Often mentioned in The Winter's Tale, the cycle of the seasons is closely related to the themes of time and nature. The seasons symbolize the ongoing, steady activity of natural processes. In the course of the play the "sad tale" told for winter morphs into a celebration of summer, as dramatized in the sheep-shearing festival of Act 4 and the reconciliations of Act 5.


Both Leontes and Polixenes are preoccupied with the issue of succession in Sicilia and Bohemia, respectively. Leontes, stricken with jealousy, anxiously contemplates the legitimacy of his son Mamillius in Act 1, Scene 3. In the stern prophecy of Apollo's oracle at Delphos, reported in Act 3, Scene 2, Leontes will remain without an heir "if that which is lost be not found"—an allusion to Perdita. In Act 4, Scene 4 Polixenes threatens to disinherit his son Florizell, barring him "from succession" because of his betrothal to a seeming commoner. Happily, the issue of succession is settled with the revelation of Perdita's identity, which provides Leontes with an heir and Polixenes with a suitable wife for his son.


The idea that The Winter's Tale resembles an old story or a "sad tale" draws attention to its elements of fantasy and its romantic conventions. In The Winter's Tale the device first appears in Act 2, Scene 2, when Hermione and her ladies-in-waiting urge the young Mamillius to tell them a tale—the "sad tale" of sprites and goblins best suited to the winter season—it ties in imaginatively to the story of Leontes's family. Storytelling is also prominently mentioned in the conversation of the three gentlemen in Act 5, Scene 2, when they say that the improbable rediscovery of Perdita is like an "old tale."

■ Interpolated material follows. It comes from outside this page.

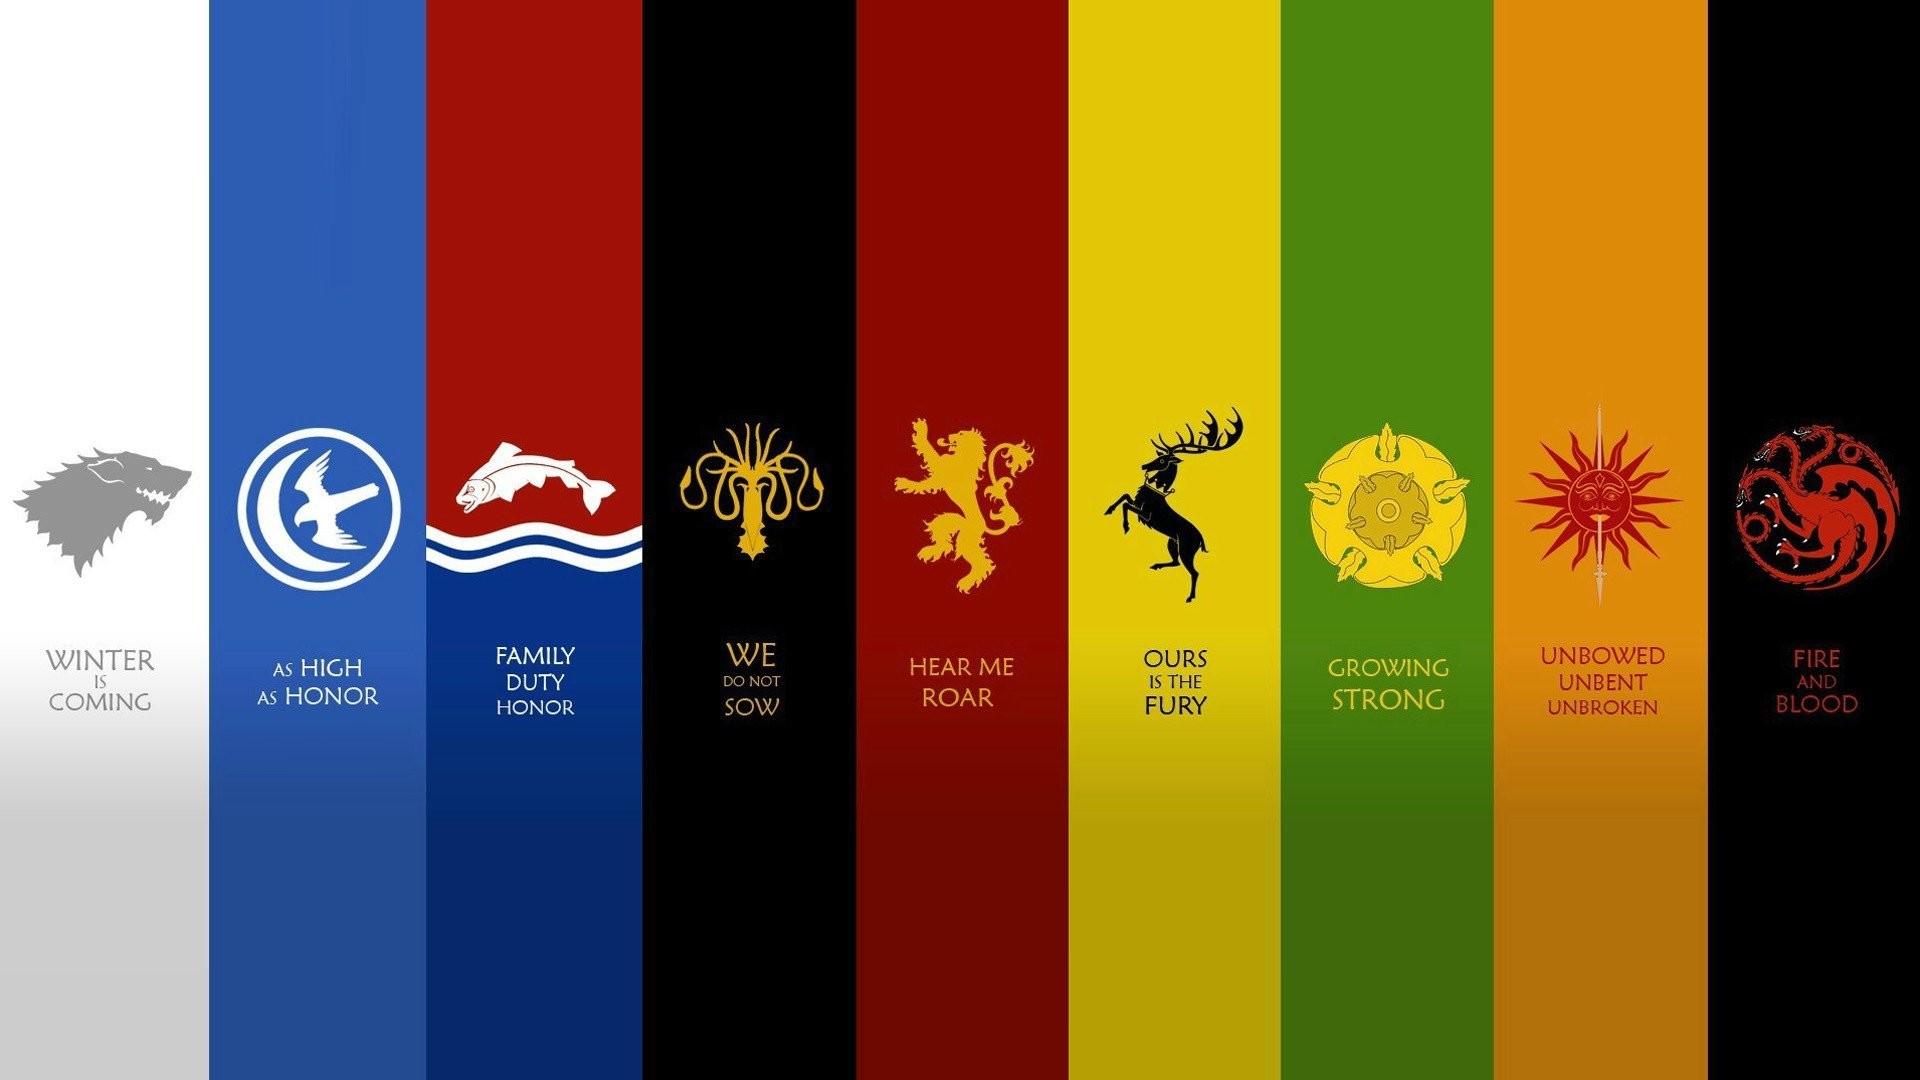 A Song Of Ice And Fire Emblems Fantasy Art Game Thrones George R. Martin House Arryn Baratheon Greyjoy Lannister Mormont Houses Stark Targaryen Tully Quotes
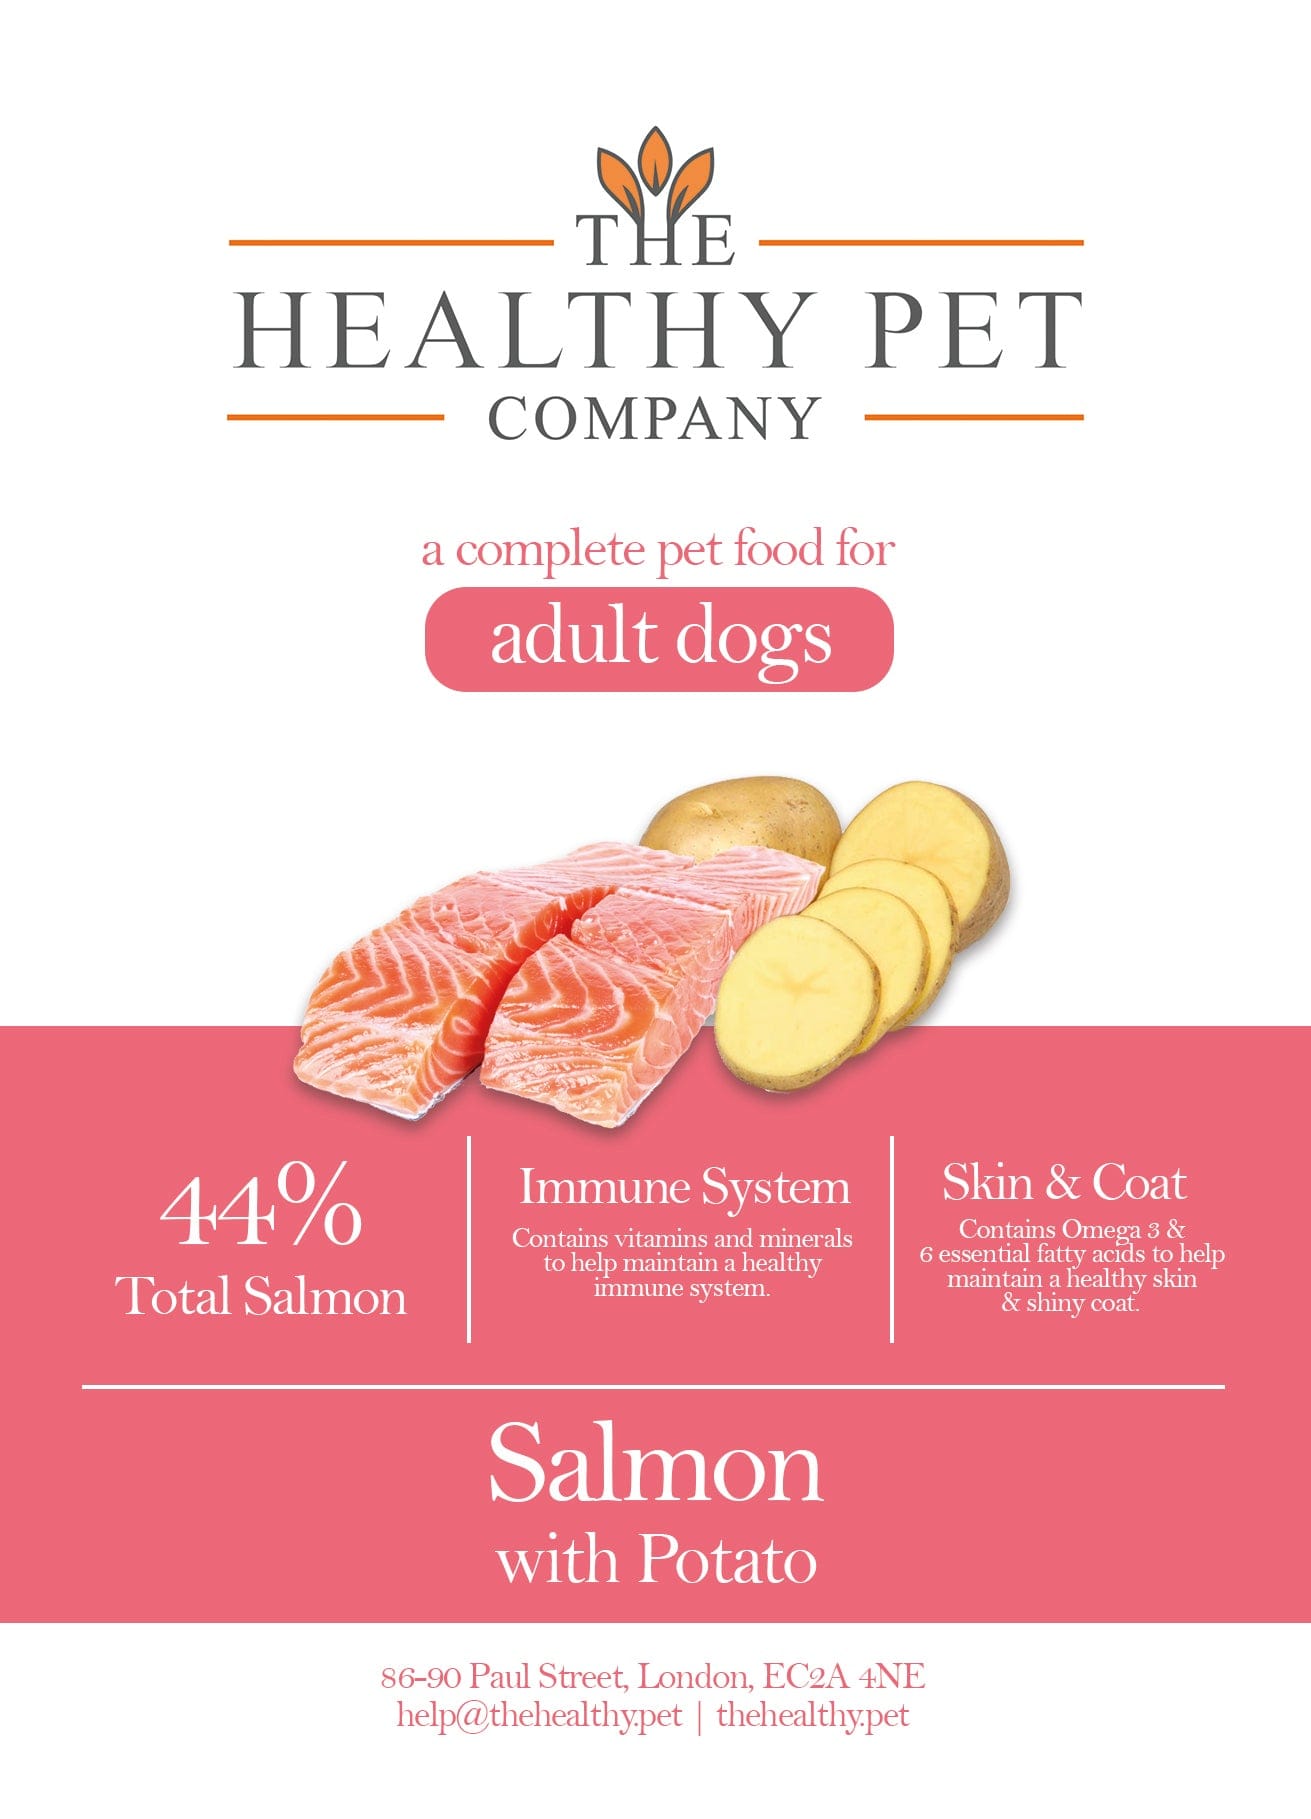 The Healthy Pet Company Complete Meal - Salmon with Potato for Adult Dogs - The Healthy Pet Company

The motif of festivity undergirds Act 4, Scene 4, which is the longest scene in the play. The explicit occasion is the sheep-shearing festival, a community-wide celebration devoted to feasting, music, dance, and jests. Shakespeare's principal source, Robert Greene's Pandosto (1588), refers to a "merry" country meeting filled with "homely pastimes and sports." Fawnia (Perdita) was the mistress of the feast, or hostess.